Lastly, Uses, Sizes, and Brands
- Travel: for traveling purpose, the size and the weight are going to be two of the most important factors to consider. A roof prism would be a lot more convenient to bring with you. It should also come with an objective lens ranging from 32mm to 20mm.
- Hunting: objective lens, in this case, matter more. It would be best if you use binoculars with an objective lens amongst 35mm and 42mm.
- Marine: When it comes to the ocean, a waterproof pair of binoculars is a must. If you want to has a clear view, then choose a magnification of 7x or 8x.
- Astronomy: a large objective lens of 42mm, a tripod, and magnification ranging from 8x to 12x are all you have ever needed in this case. A tripod or a monopod would do a lot of help.
Binoculars come in various sizes for different purposes. I have listed a few popular types of binoculars that are chosen by most people.
- Standard Size Binoculars: A standard or full-size binocular for everything from observing wildlife to watching sports
- Compact Binoculars – smaller and lighter – perfect for taking to the theater or concerts or on trips.
- Wide Angle Binoculars – to track fast-moving action across ample space such as wilderness terrain.

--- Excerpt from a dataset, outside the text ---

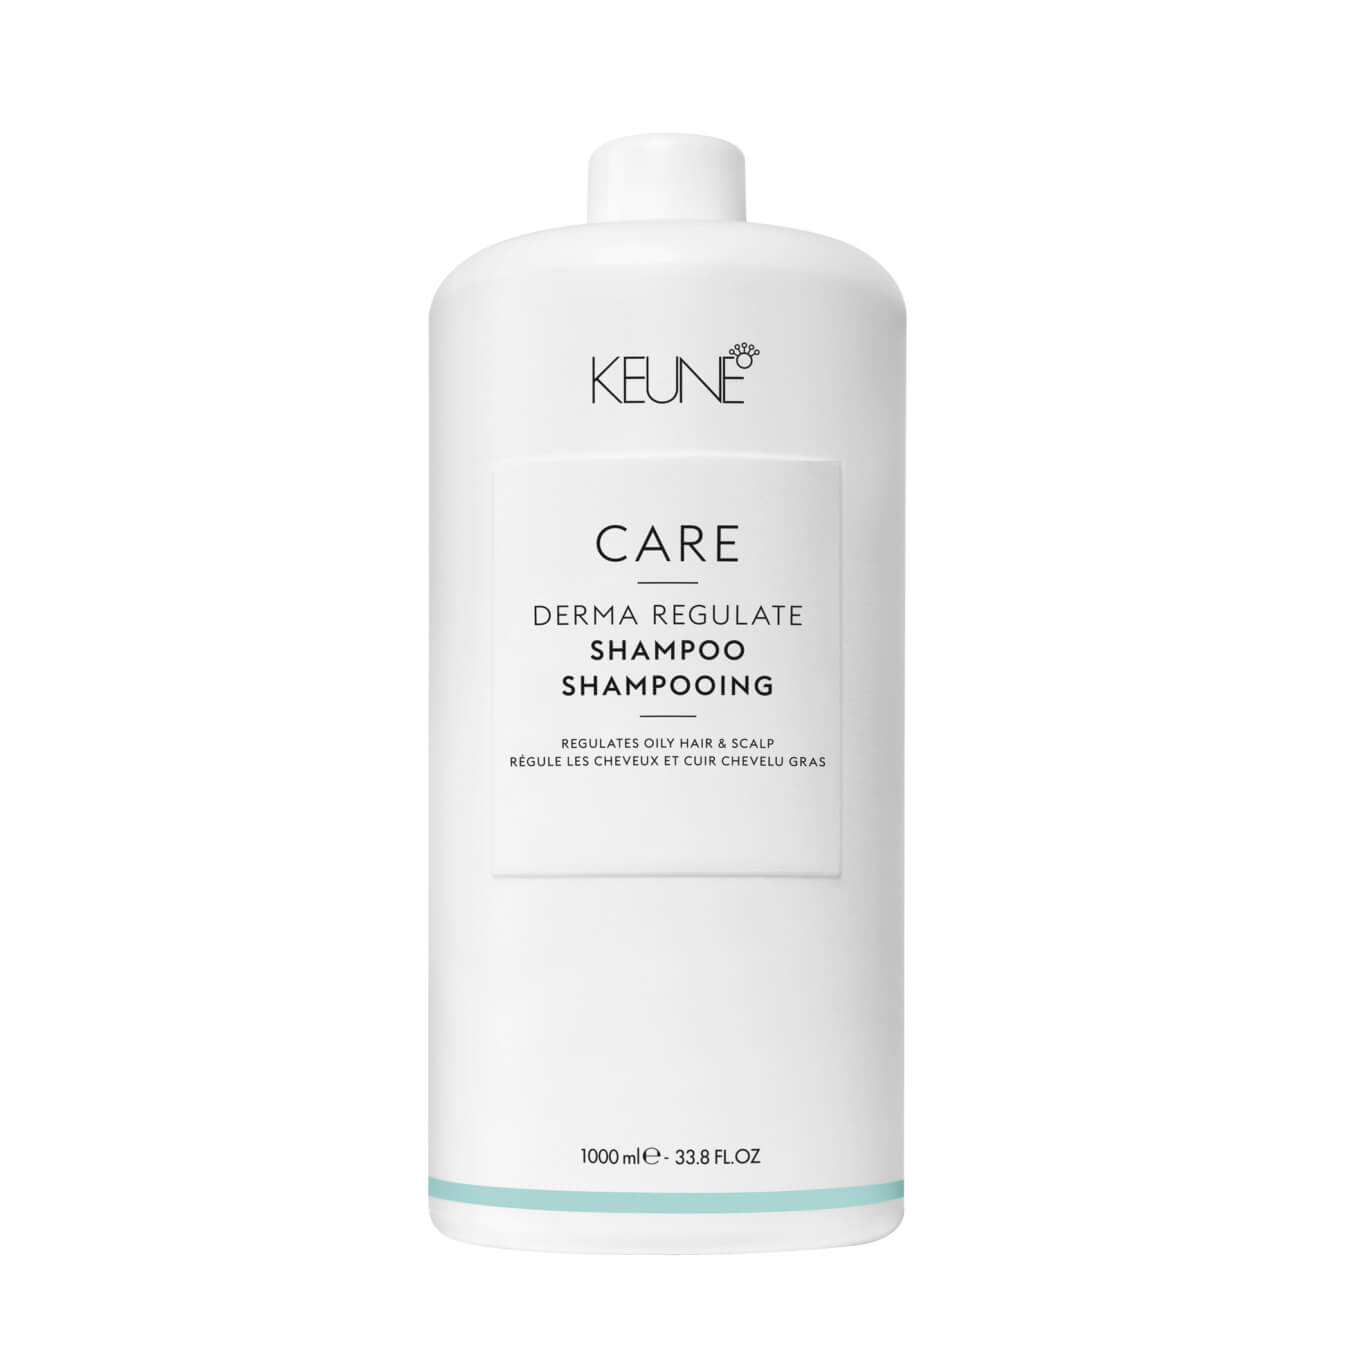 Kauf Keune Care Derma Regulate Shampoo 1000ml

Binocular markets are segmented into three tiers of price: low, medium, and high-end. Here are some suggestion brands for each segmentation:
- Low price: Nikon
- Medium price: Vortex and Pentax
- High-end: Leica, Zeiss, Swarovski
The Last Words,
Choosing binoculars is not an easy task. It has many numbers that you need to spend lots of time researching and understanding. Once you fully understand what you need and what the numbers are about, then choosing a suitable pair of binoculars should not be a problem for you.
Above are all important binocular numbers you should know before making any purchase decision. Hope what I shared gives you some ideas about what you will need from a pair of binoculars. Goodbye!